A Joint Foreign Area Officer Course is organized each year by the DLIFLC FAO office, gathering officers from all four branches of the military for several days to teach new FAOs and their spouses about their future career path and what will be expected of them while working abroad.
“You (are expected) to act as a combat multiplier…FAOs are always shaping. In the Army we call it ‘Prevent, Shape and Win,’ …the essence of your talents and your skills is to shape that strategic environment and hopefully prevent the possibility or the utility of arms,” said Hooper, to more than 100 officers.

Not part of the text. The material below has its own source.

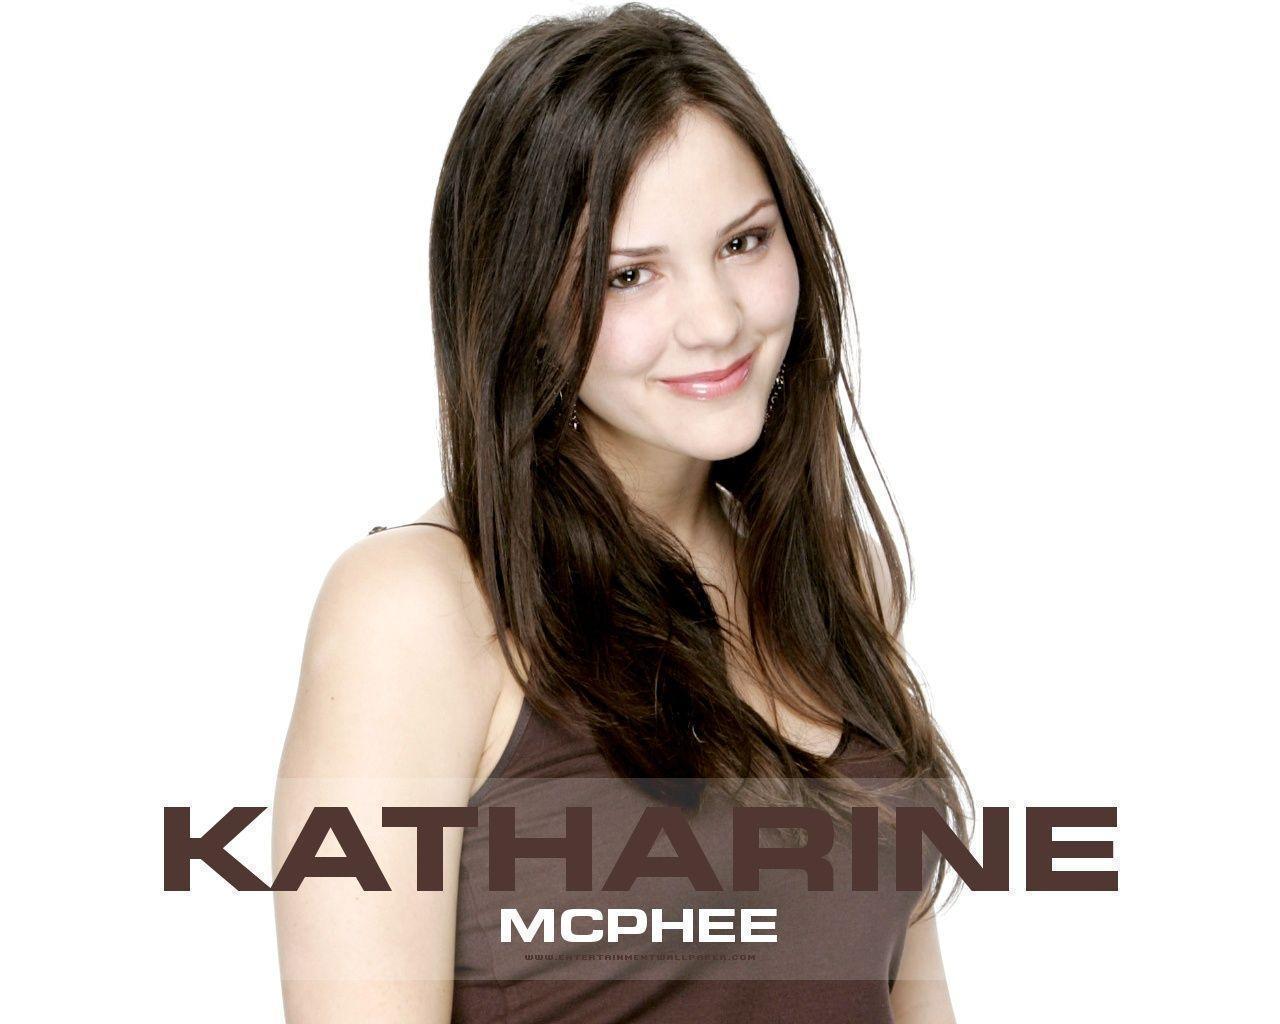 singers wallpaper katharine mcphee - photo #33

As regionally focused experts, FAOs normally receive foreign language training at DLIFLC and possess unique skills with political, cultural, sociological, economic, and geographic awareness of the nations they study. These highly trained individuals will go on to receive Master degrees in their field of expertise and serve as defense attaches, political-military advisors, and occupy positions at the Joint Staff, major Combatant Commands and Department of Defense.

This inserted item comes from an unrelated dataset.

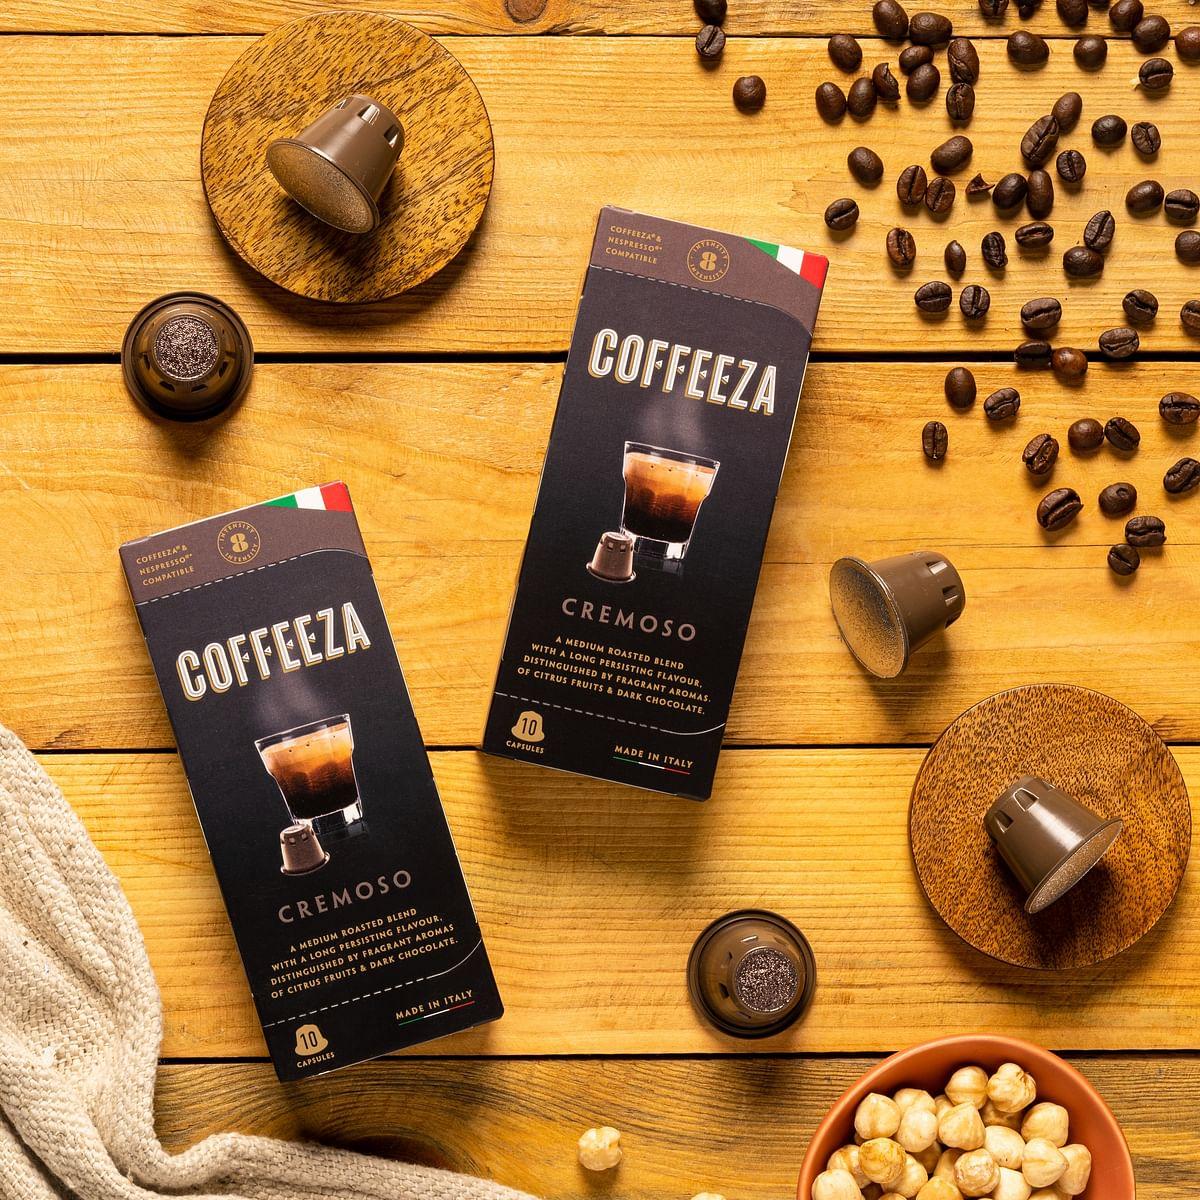 Coffeeza's Coffee Capsules

“Build partner capacity in support of U.S. goals and objectives,” recommended Hooper. “The reason you are being trained to do what you do is to assist our partners in creating a security environment that is favorable to U.S. interests.”
Hooper also recommended that one of the most important aspects of being a FAO is the ability to analyze a particular situation through the understanding of the people of the target nation. “Understand the role of history in shaping culture and language as a reflection of that culture. That is the principal force of language. It is a reflection, “he said. “(You need to know) what motivates your host nation, what will sway or deter them or what will offend them.”
The two star general gave FAOs valuable advice about how to manger their career. “Be yourself,” he said. “In the beginning, I tried to be like my boss and failed miserably.” But as soon as he started doing things “his way,” he said his career began to take off.
Other participants in the four-day program included Col. (P) Joseph Clark, deputy director of strategy plans and policy office of the deputy chief of staff G/3/5/7 and Brig. Gen. Matthew L. Brand who is currently assigned as the Deputy Chief of Staff for Strategic Plans and Policy, Headquarters Supreme Allied Command Transformation, NATO.